■ **Description of the task**
Among the lines of the listing below, retype exactly those from the one containing "Luxury King Bedroom" through the one containing "Cloth Textile African", both included. Do not include pictures.

■ **Task inputs**
───

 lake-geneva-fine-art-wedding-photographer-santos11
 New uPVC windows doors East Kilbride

───

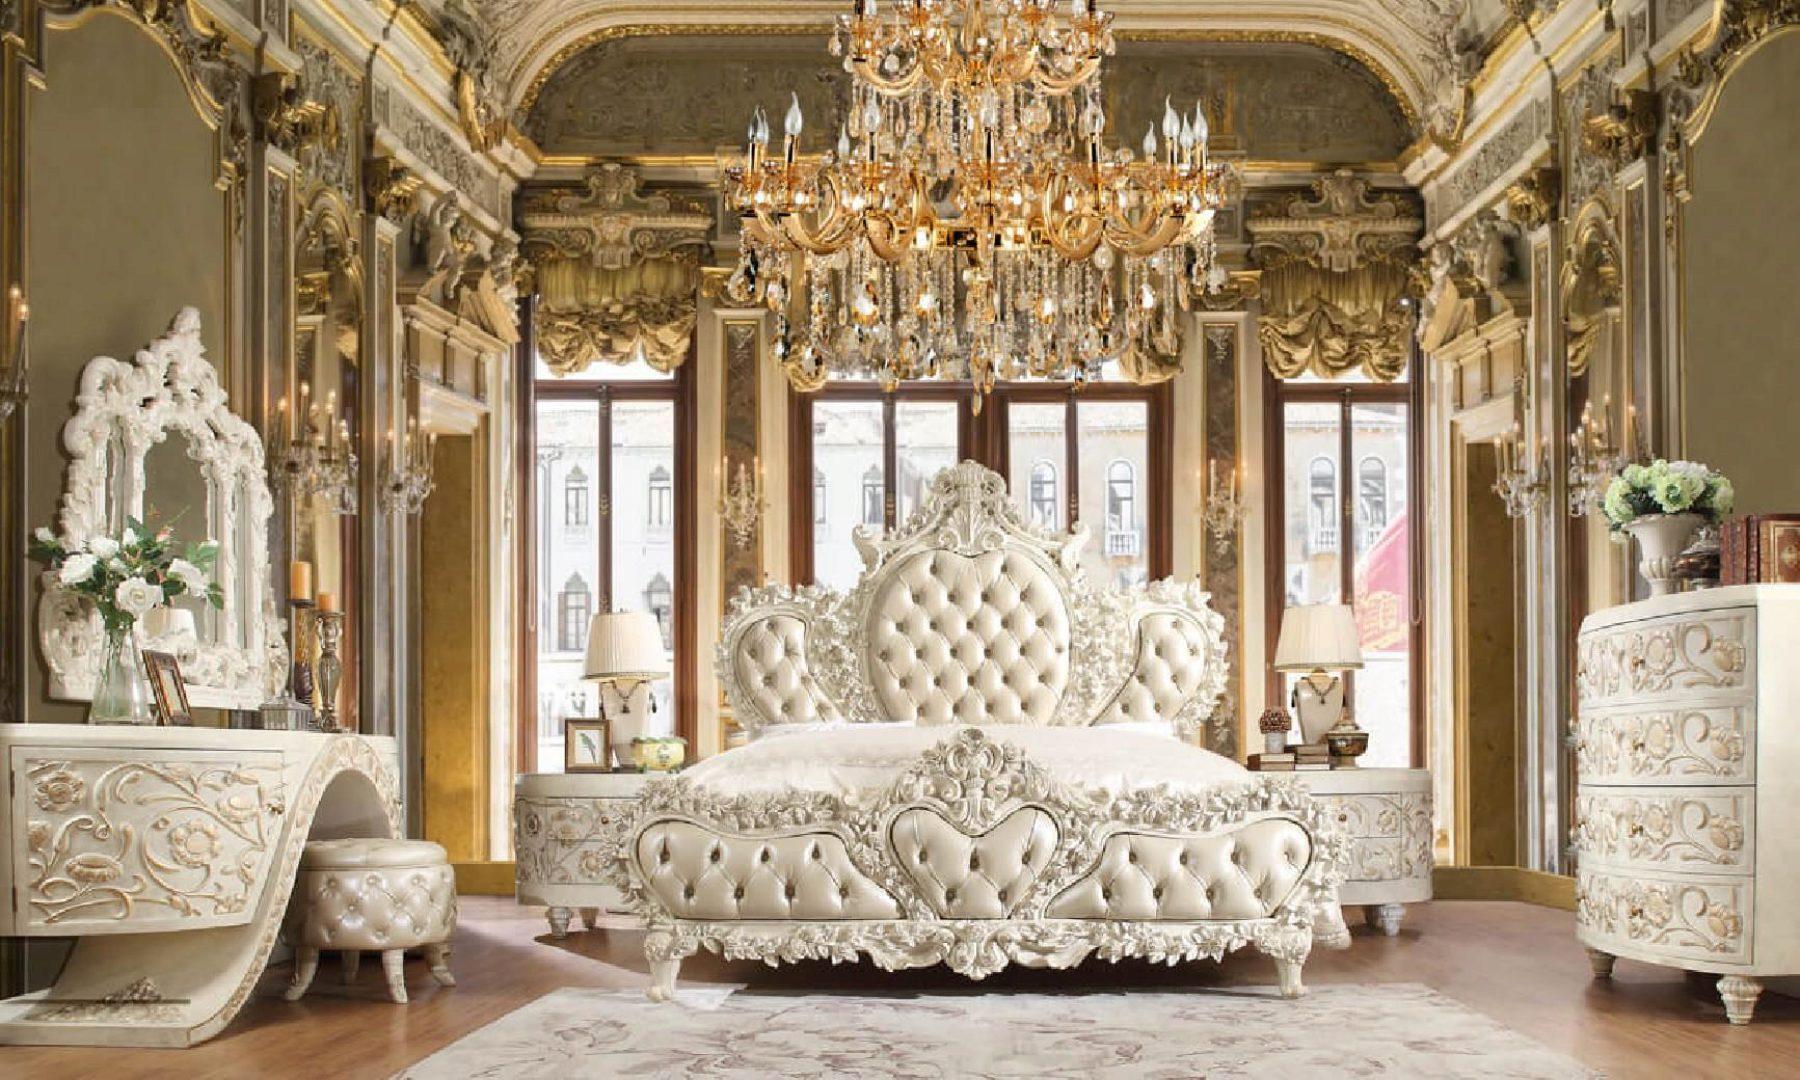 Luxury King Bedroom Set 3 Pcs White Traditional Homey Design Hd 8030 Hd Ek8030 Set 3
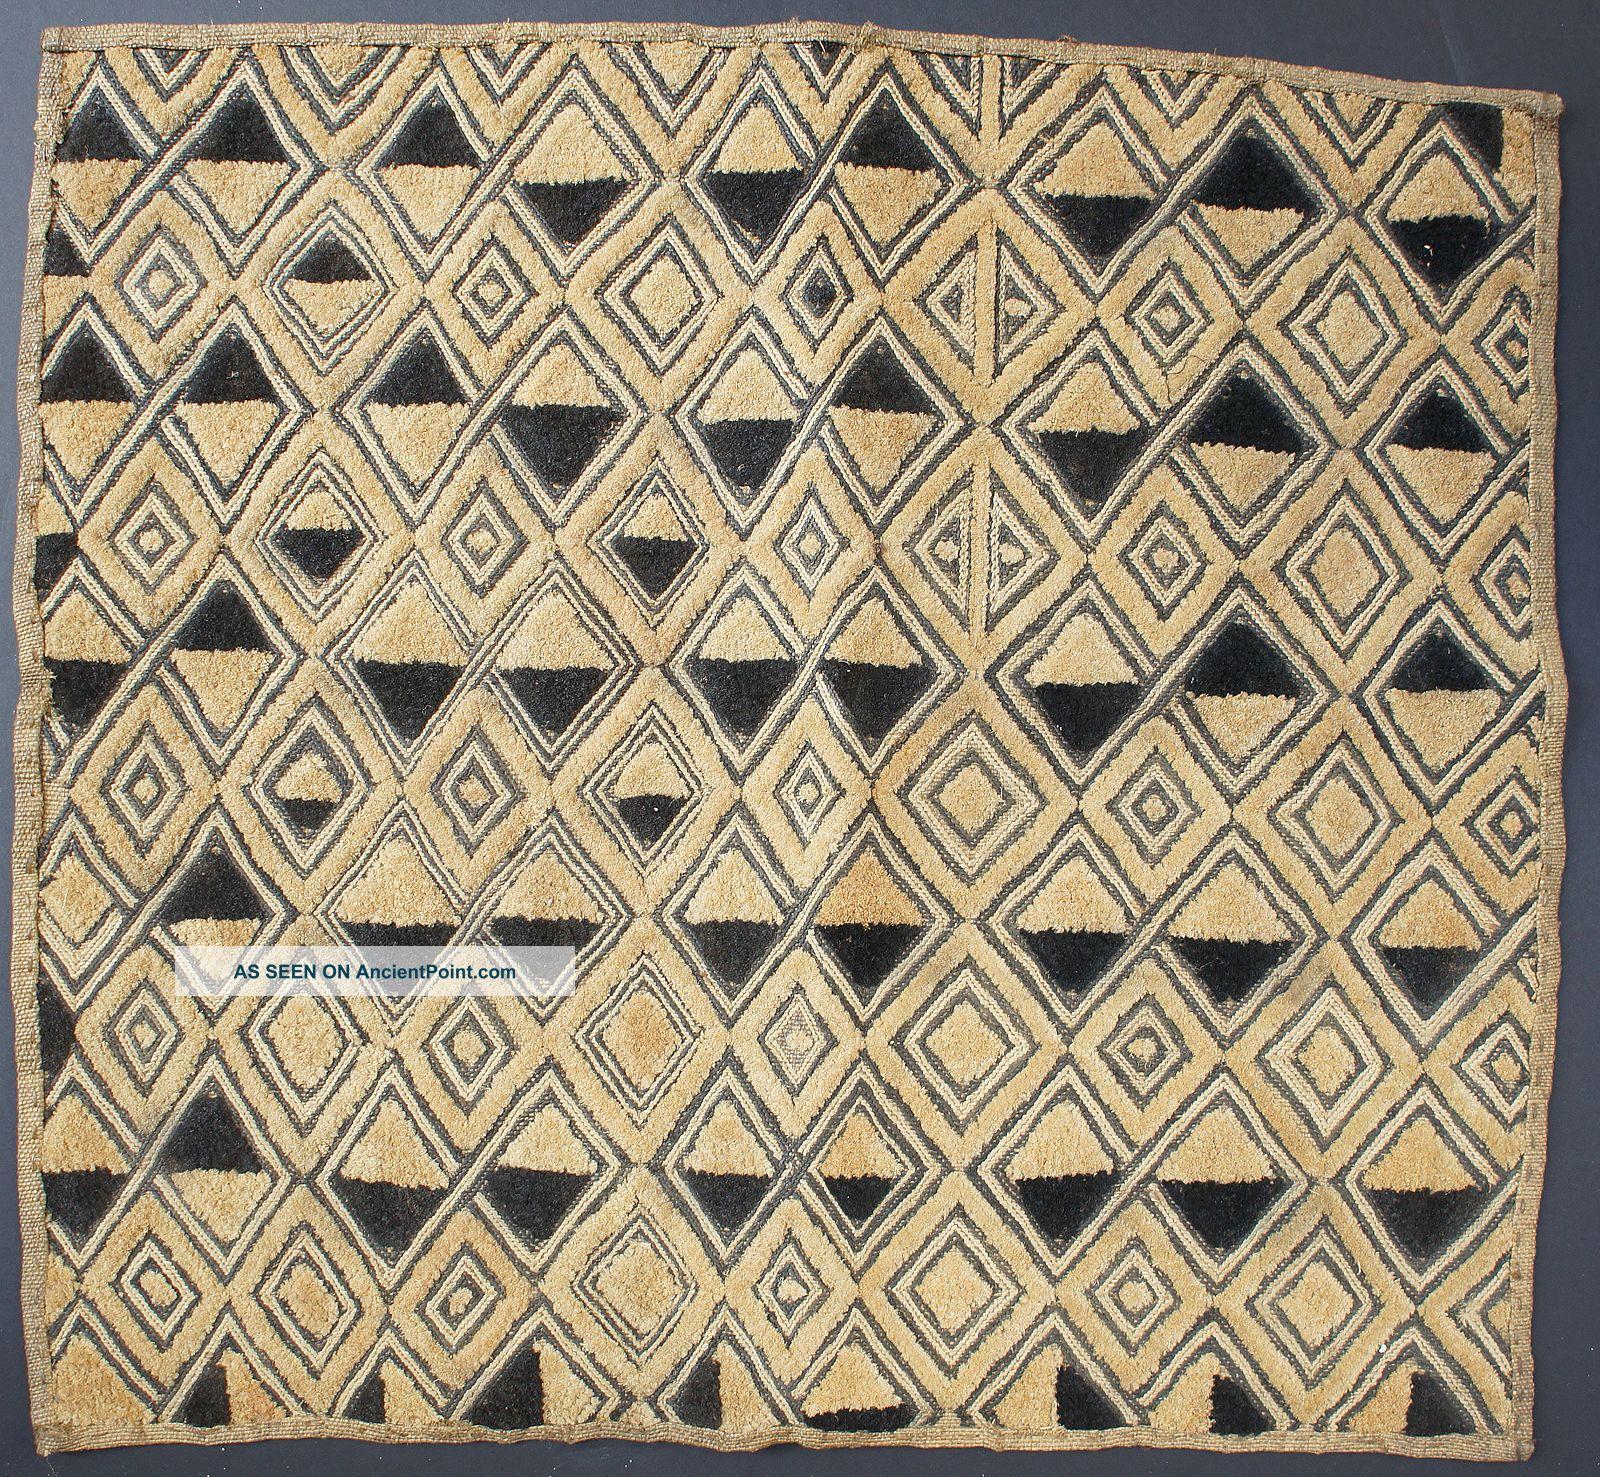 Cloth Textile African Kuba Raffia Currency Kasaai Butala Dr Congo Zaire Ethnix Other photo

───

■ **Completed exercise**
 Luxury King Bedroom Set 3 Pcs White Traditional Homey Design Hd 8030 Hd Ek8030 Set 3
 Cloth Textile African Kuba Raffia Currency Kasaai Butala Dr Congo Zaire Ethnix Other photo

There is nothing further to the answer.